The education and fallback process is proceeding at a steady clip as well. For example, the Alternative Reference Rates Committee (“ARRC”) is studying streamlined replacement mechanisms for loan documentation and holding a roundtable at the Federal Reserve of New York on November 2, 2017 that is open to the public.
Leveraged Lending Regulatory Guidelines Update:
On October 19, 2017, the U.S. Government Accountability Office (“GAO”), the investigative arm of Congress, issued an opinion that the Leveraged Lending Guidance (“LLG”), created by the OCC, the Federal Reserve Board and the FDIC in 2013, is not “guidance” but rather a “rule” which should have been submitted to Congress for review per the Congressional Rule Act of 1996.

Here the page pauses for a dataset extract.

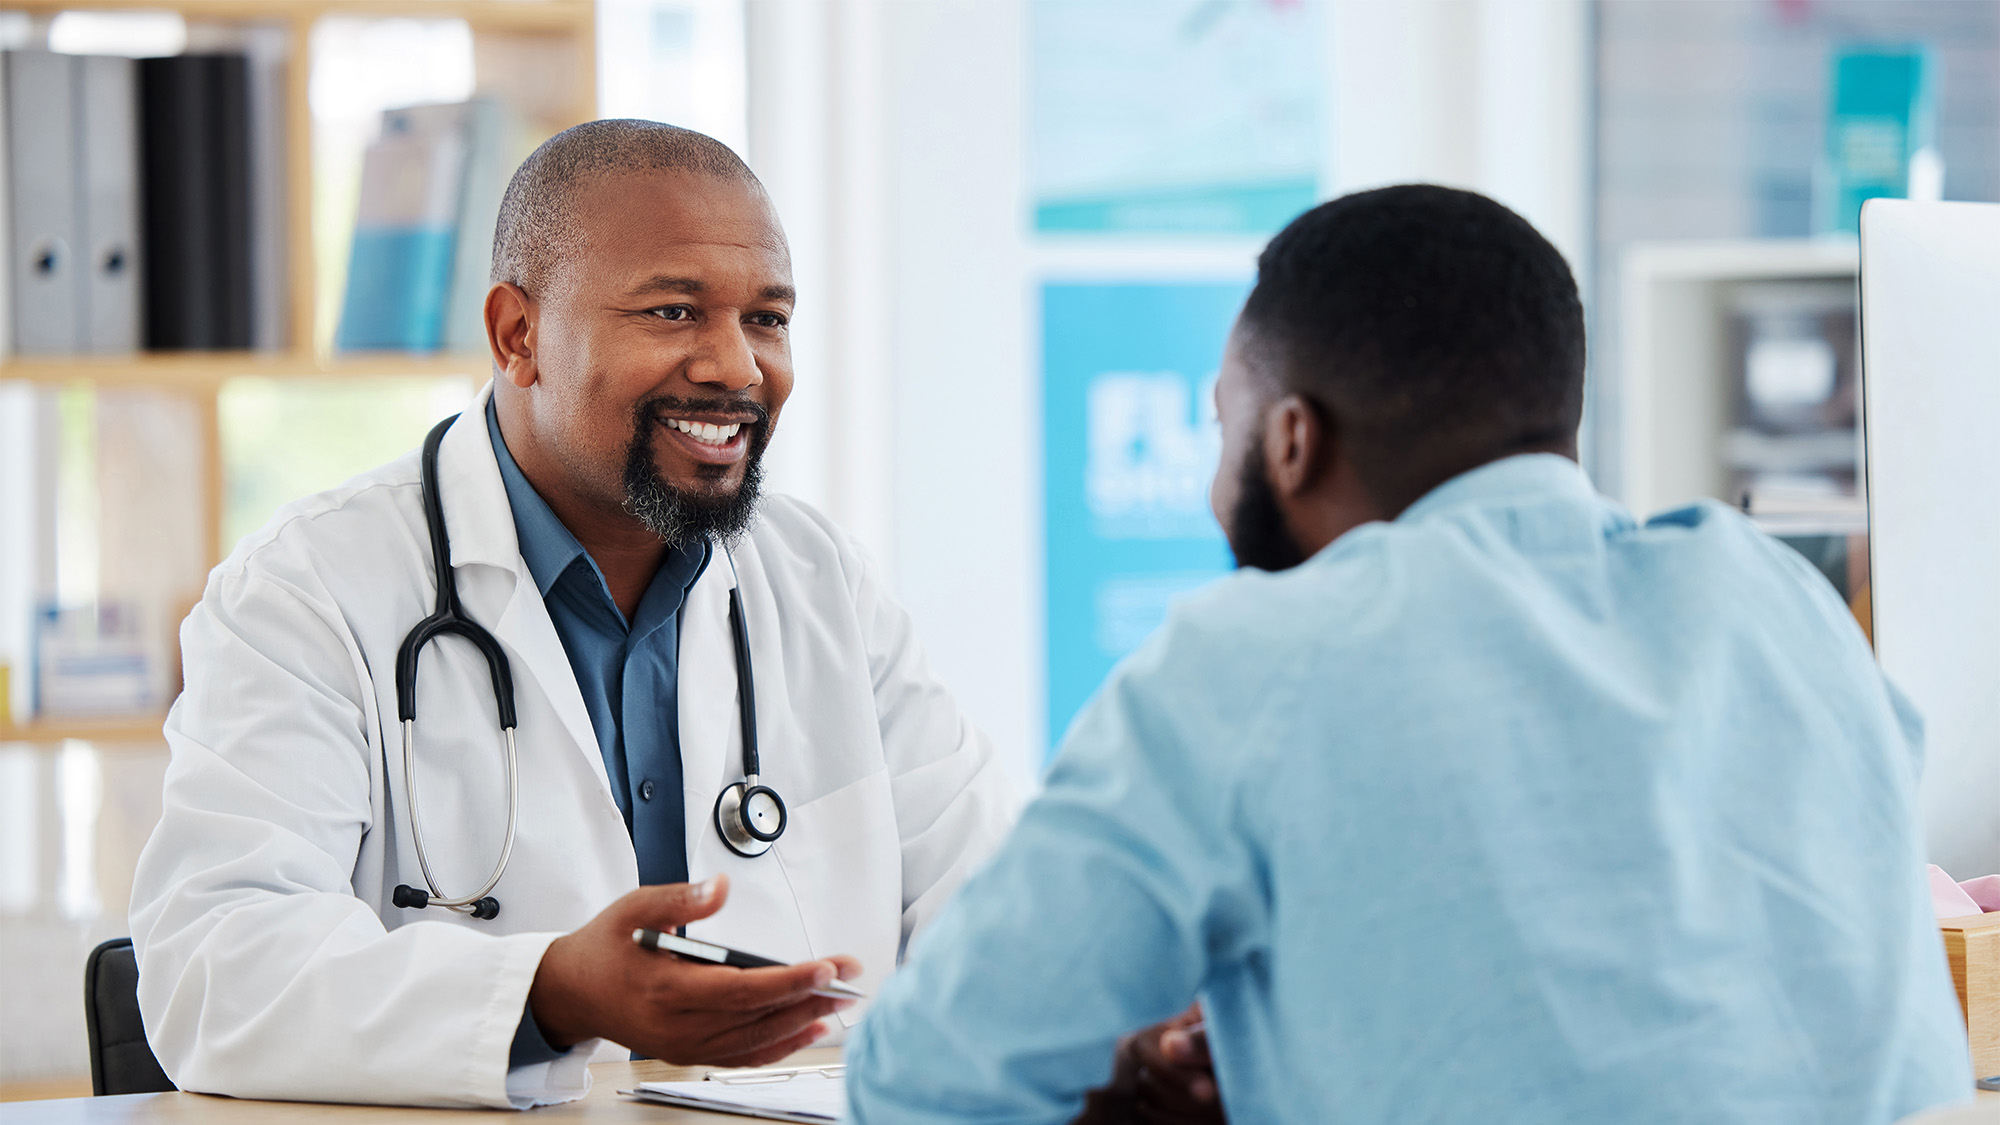 A black patient speaks to his black doctor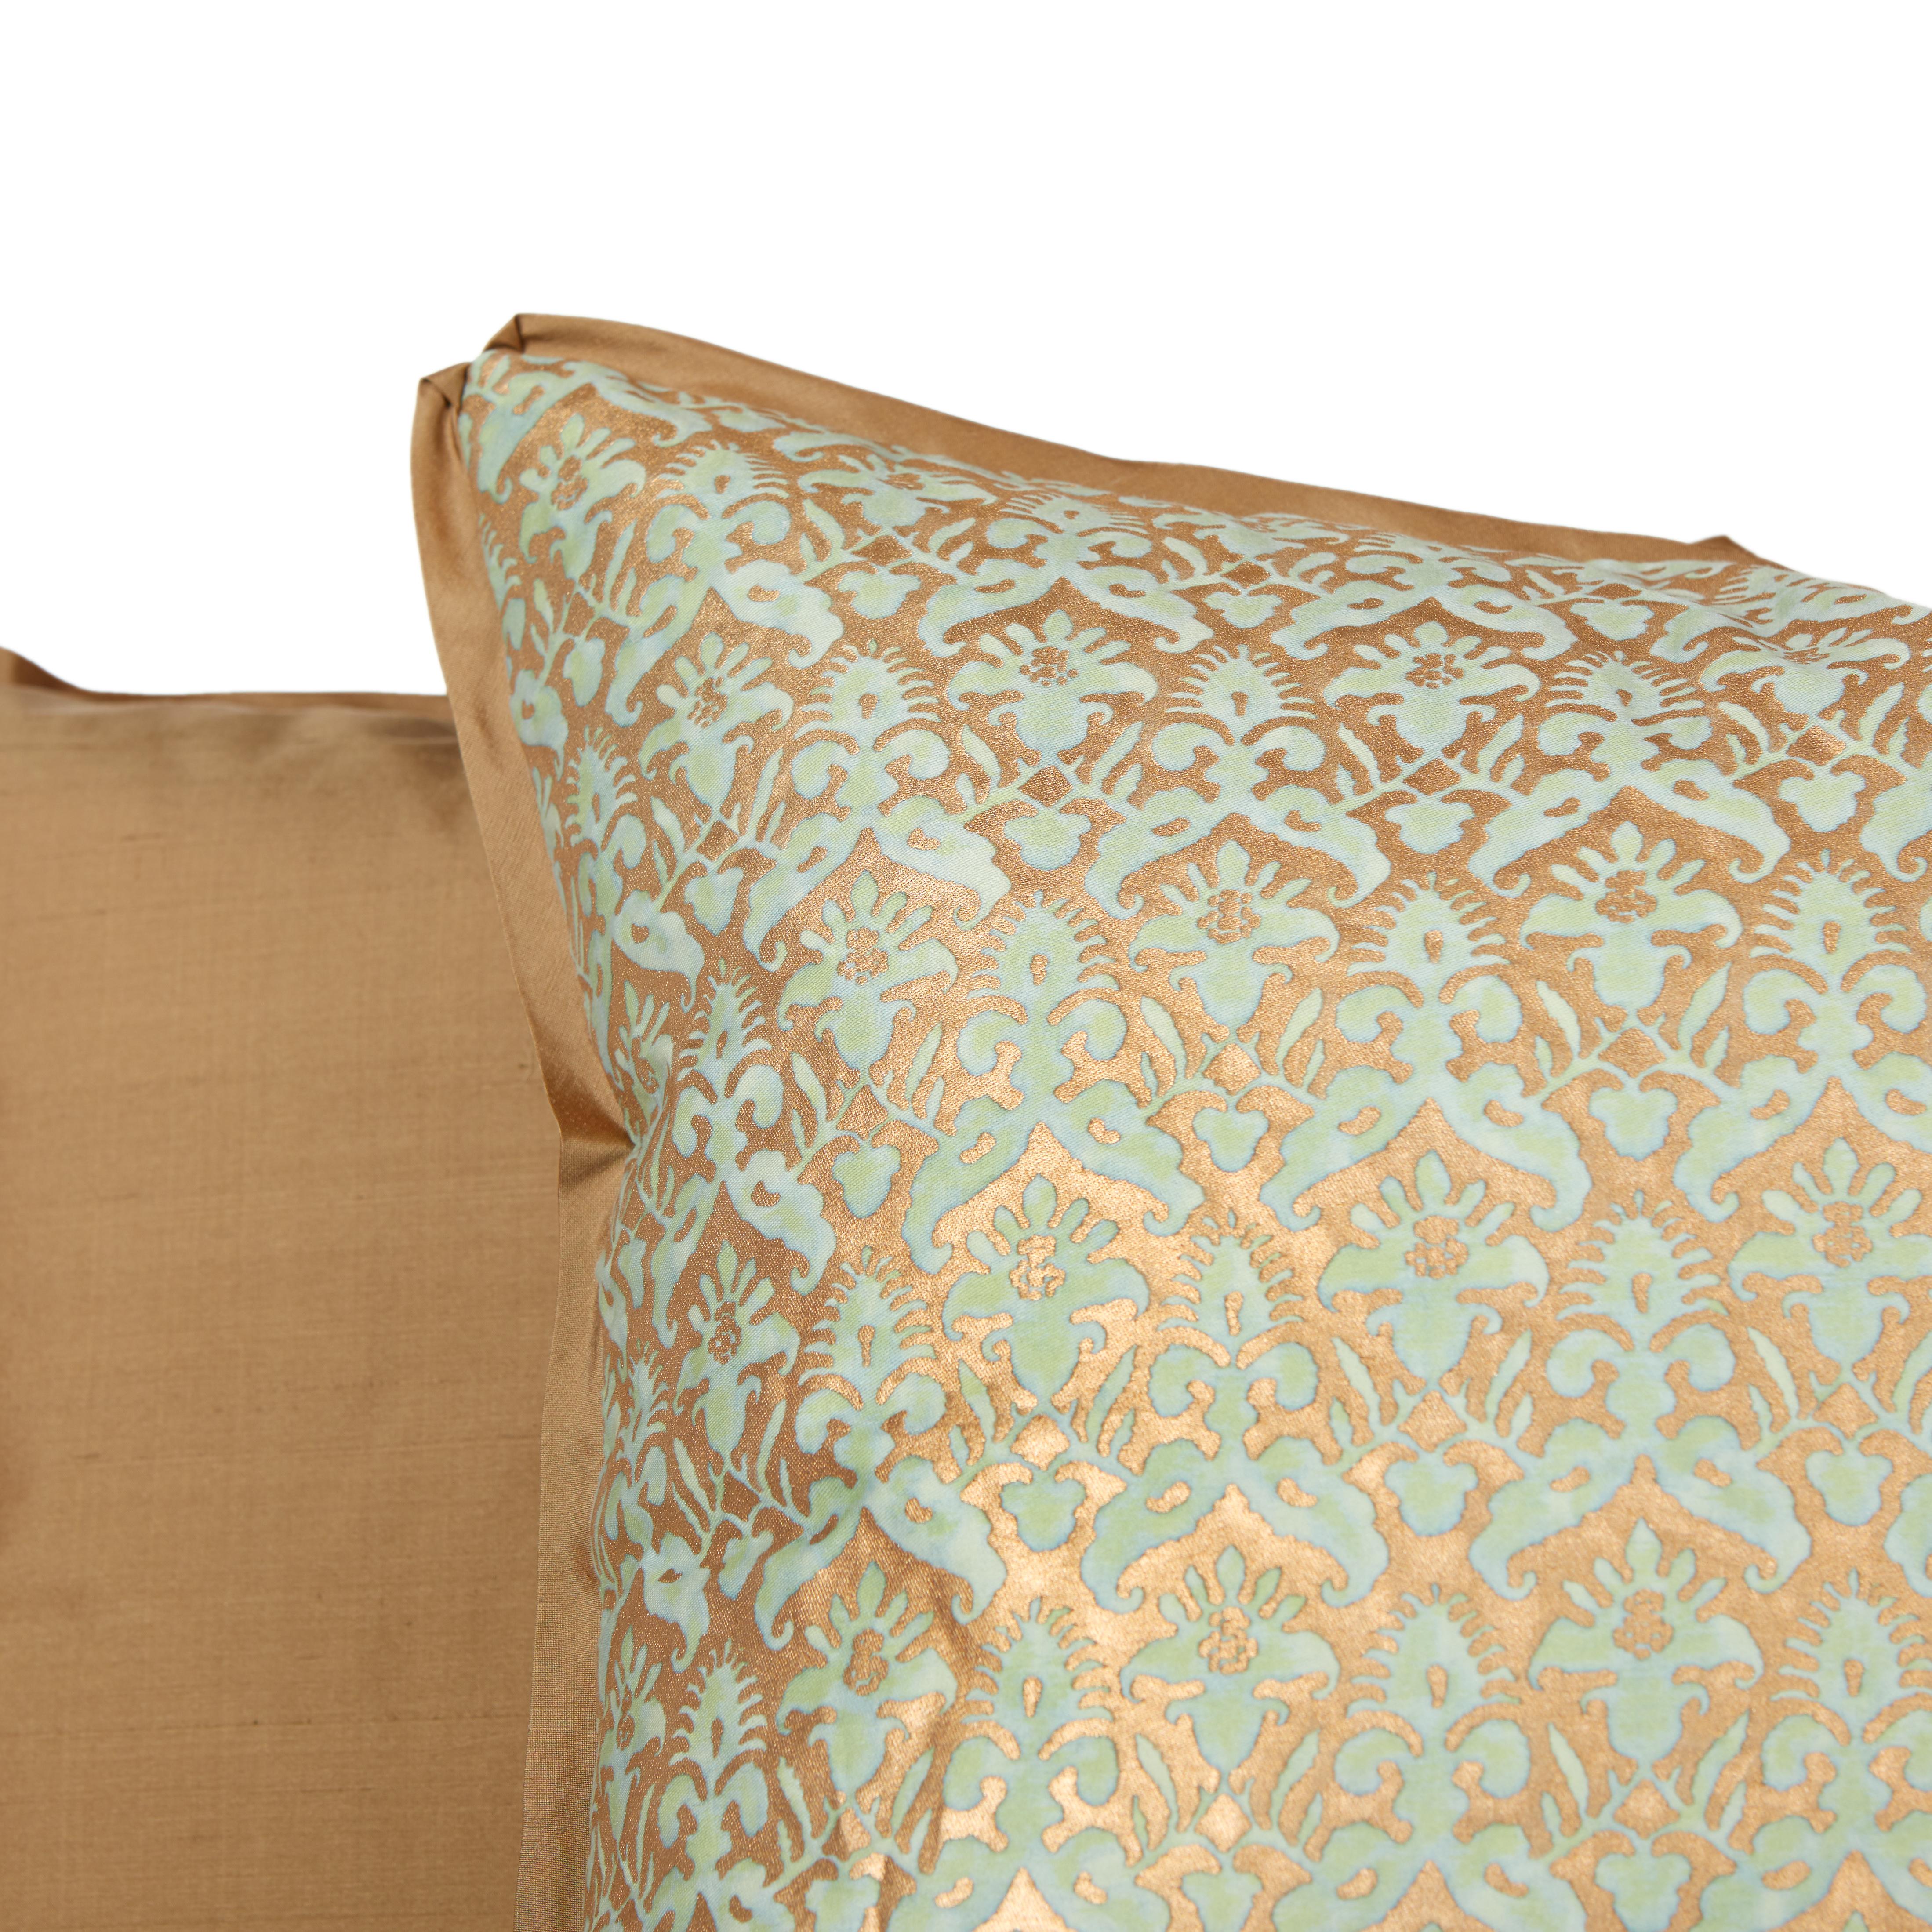 Contemporary Pair of Fortuny Fabric Cushions in the Louis XIII Style Delfino Pattern For Sale

While it is unclear what the full implications of the GAO opinion will be, it now appears more likely that the regulatory burden on banks for leveraged lending will decrease. Next, the GAO will meet with the Senate Parliamentarian to come to a final ruling, which will begin the process of having the LLG submitted to Congress for approval. Congress will have the ability to change or reject rules within the LLG.